How to choose inputs to an artificial network?

Question 1

When it comes to frameworks for ANN, each person will have their own preferences. I recently used Encog framework for implementing an image processing project and found it very easy to implement.

Now, coming to your problem statement, "a learning method that enables minesweepers to avoid colliding with mines" is a very wide scope. What is indeed going to be your input to the ANN? You will have to decide your input based on whether it is going to be implemented on a real robot or in a simulation environment.

It can be clearly inferred that an unsupervised learning can be ruled out if you are trying to implement something like the ALVIN.

In a simulation environment, the best option is if you can somehow form a grid map of the environment based on the simulated sensor data. Then the occupancy grid surrounding the robot can form a good input to the robot's ANN.

If you can't form a grid map (if the data is insufficient), then you should try to feed all the available and relevant sensor data to the ANN. However, they might have to be pre-processed, depending on the modelled sensor noise given by your simulation environment. If you have a camera feed (like the ALVIN model), then you may directly follow their footsteps and train your ANN likewise.

If this is a real robot, then the choices vary considerably, depending upon the robustness and accuracy requirements. I really hope you do not want to build a robust and field-ready minesweeper single-handedly. :) For a small, controlled environment, your options will be very similar to that of a simulated environment, however sensor noise would be nastier and you would have to figure in various special cases into your mission planner. Still, it would be advisable to fuse a few other sensors (LRF, ultrasound etc.) with vision sensors and use it as an input to your planner. If nothing else is available, copy paste the ALVIN system with only a front camera input.

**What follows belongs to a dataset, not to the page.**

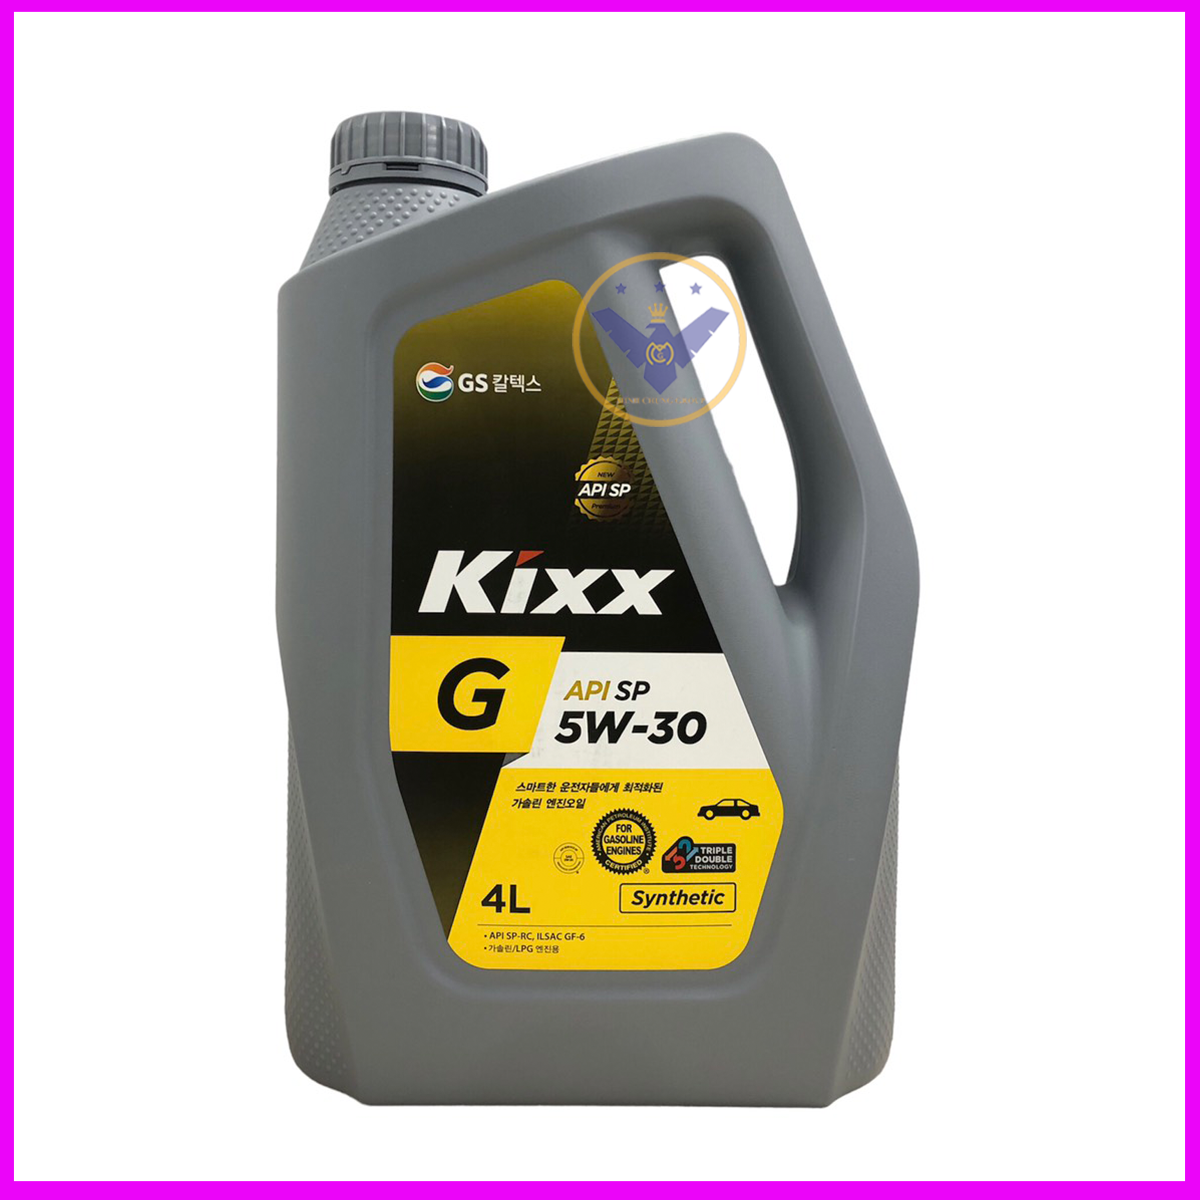 Dầu nhớt ô tô tổng hợp Kixx G API SP 5W30 nhập Hàn Quốc can 4L
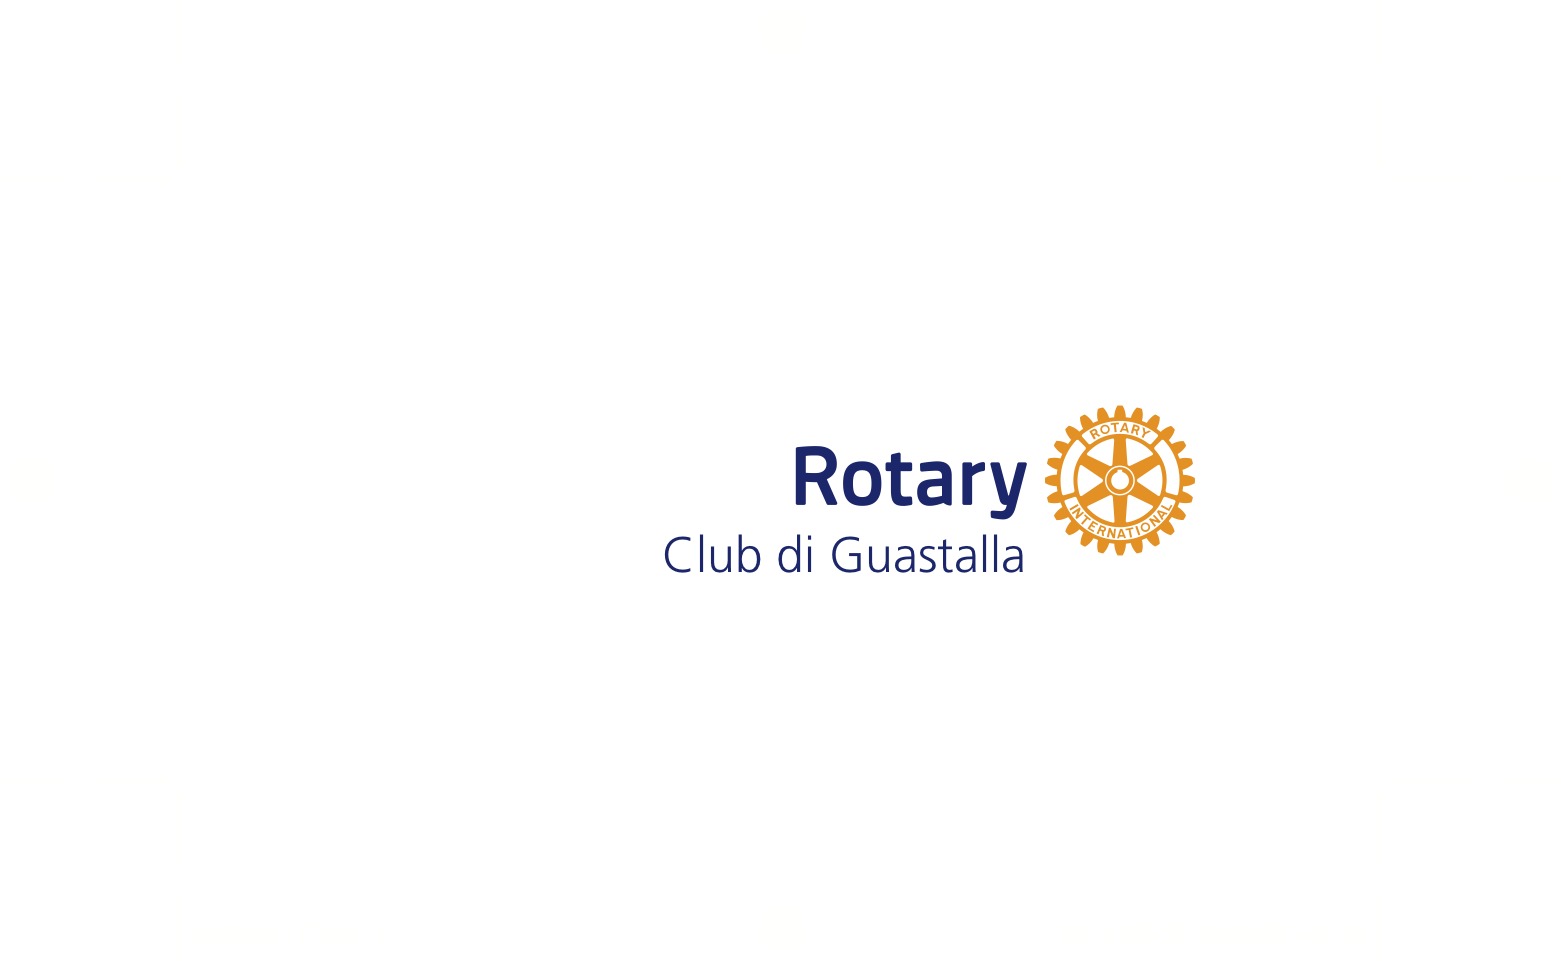 Rotary Club Guastalla

The ANN training methodology will be similar (if using only vision). The output will be right/left/straight etc. Try with 5-7 hidden layer nodes first, since that is what ALVIN uses. Increase it up to 8-10 max. Should work. Use activation functions properly.

Question 2

Given its success in the real world, ALVIN seems like a good system to base yours off of! As the page you linked to discusses, ALVIN essentially receives an image of the road ahead as its input. On a low level, this is achieved through 960 input nodes representing a 30X32 pixel image. The input value for each node is the color saturation of the pixel that that node represents (with 0 being a completely white image and 1 being a completely black image, or something along those lines) (I'm pretty sure the picture is greyscale, although maybe they're using color now, which could be achieved, for instance, by using three input nodes per pixel, one representing red saturation, one representing green, and one blue). Is there a reason that you don't think that this would be a good input for your system too?

For more low level details, see the original paper.